Supplied data:

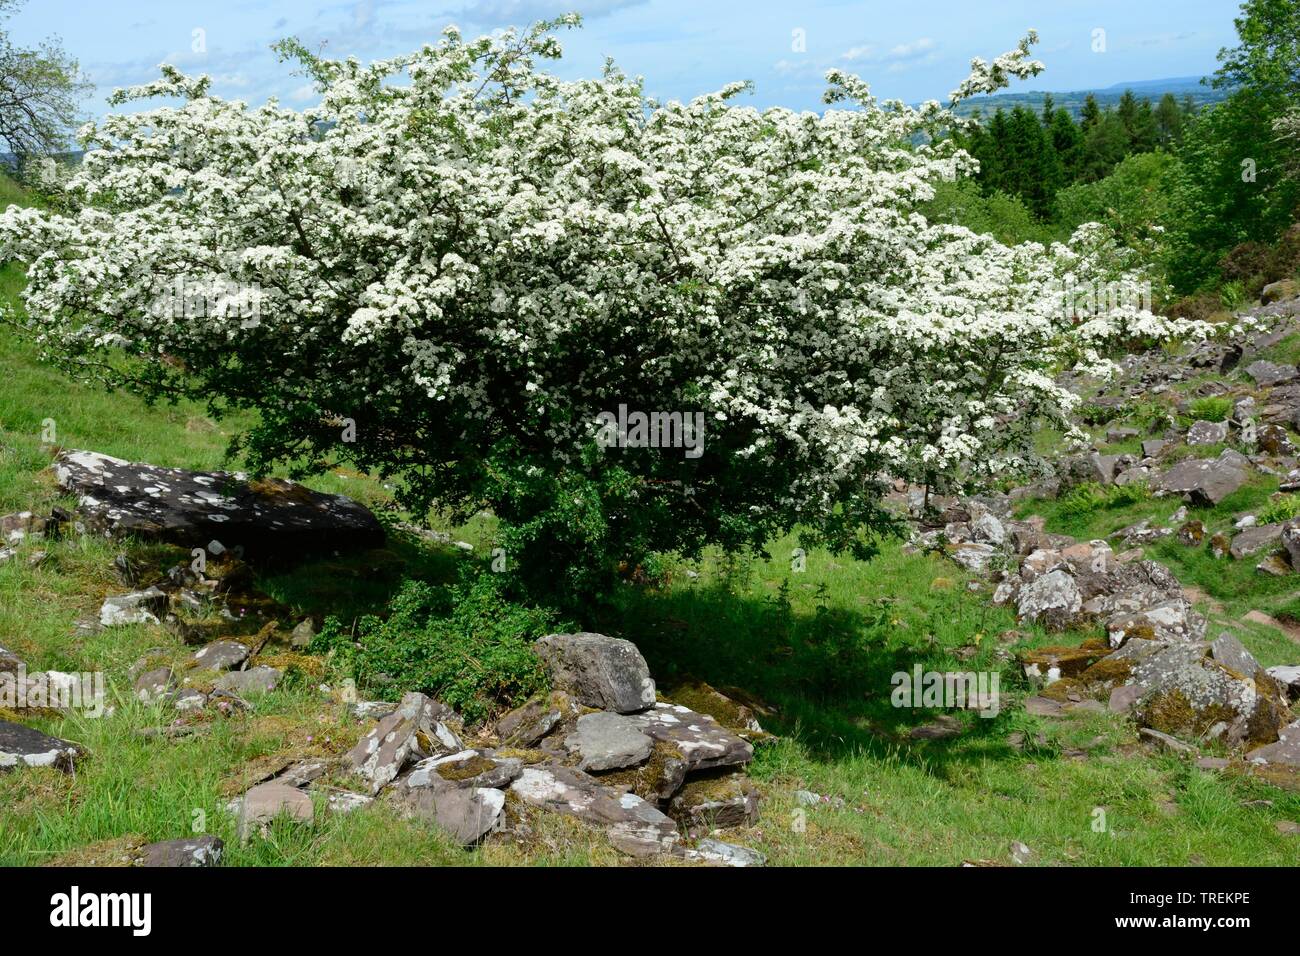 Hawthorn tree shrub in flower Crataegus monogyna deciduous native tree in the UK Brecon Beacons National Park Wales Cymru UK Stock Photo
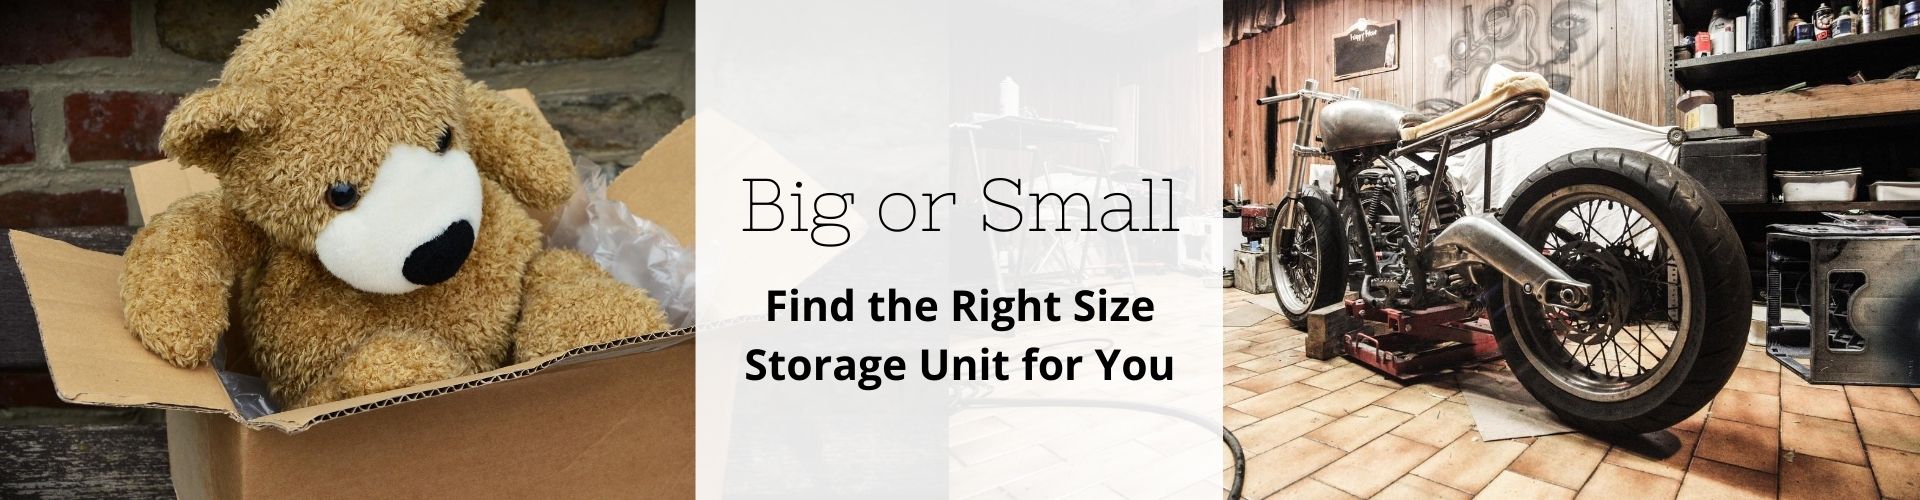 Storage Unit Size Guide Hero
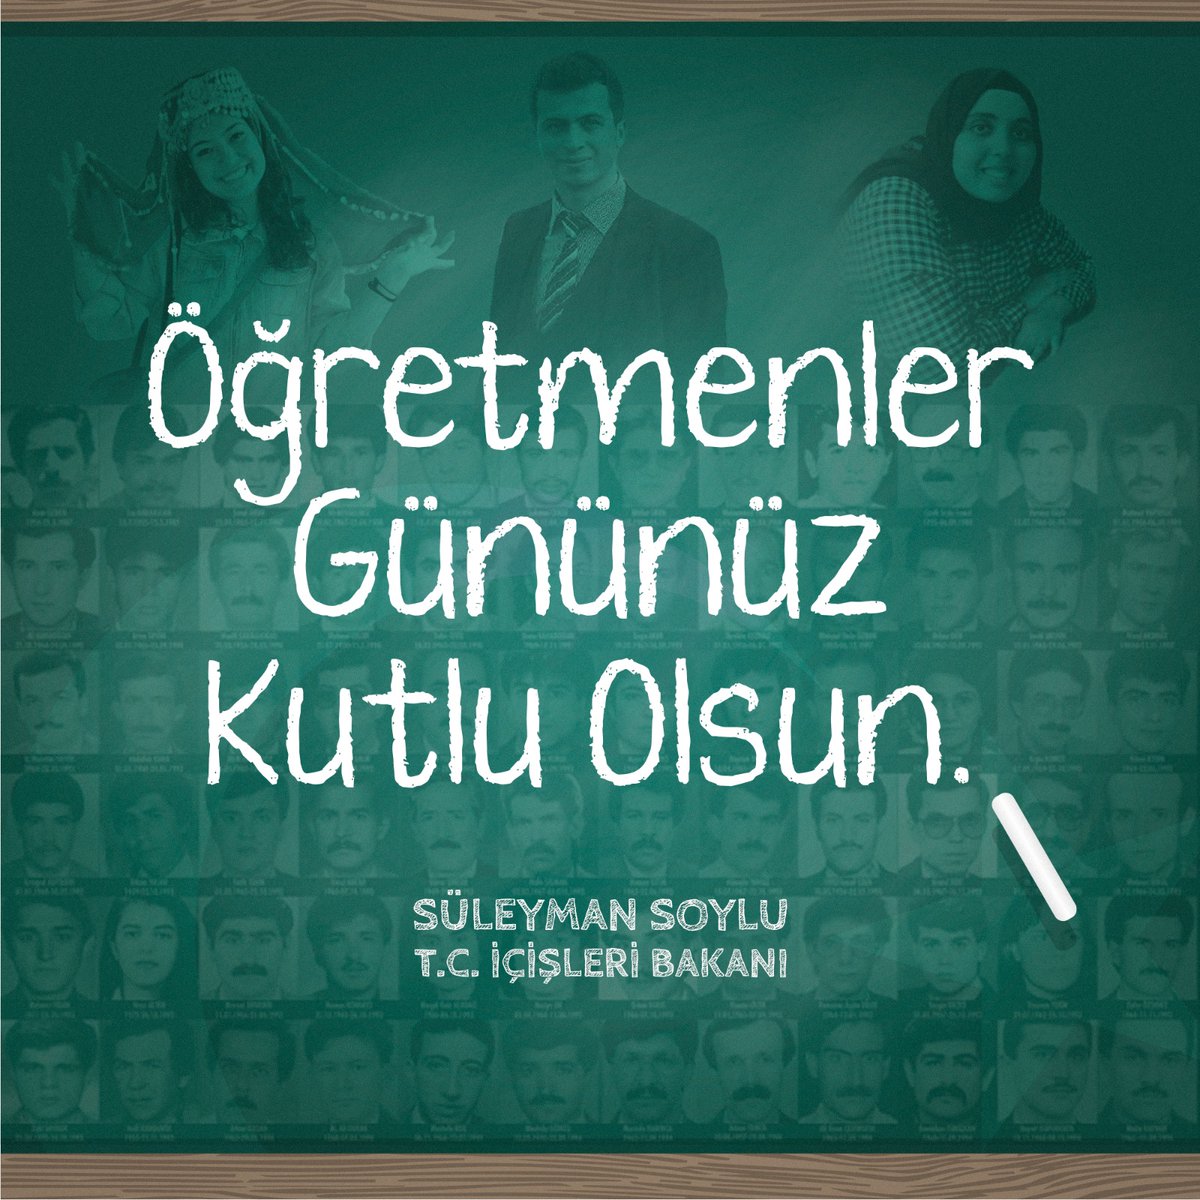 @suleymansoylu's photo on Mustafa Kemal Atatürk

Problem statement:
When you copy the data above, reproduce each line exactly and skip every image.

Result below:
 Hawthorn tree shrub in flower Crataegus monogyna deciduous native tree in the UK Brecon Beacons National Park Wales Cymru UK Stock Photo
 Storage Unit Size Guide Hero
 @suleymansoylu's photo on Mustafa Kemal Atatürk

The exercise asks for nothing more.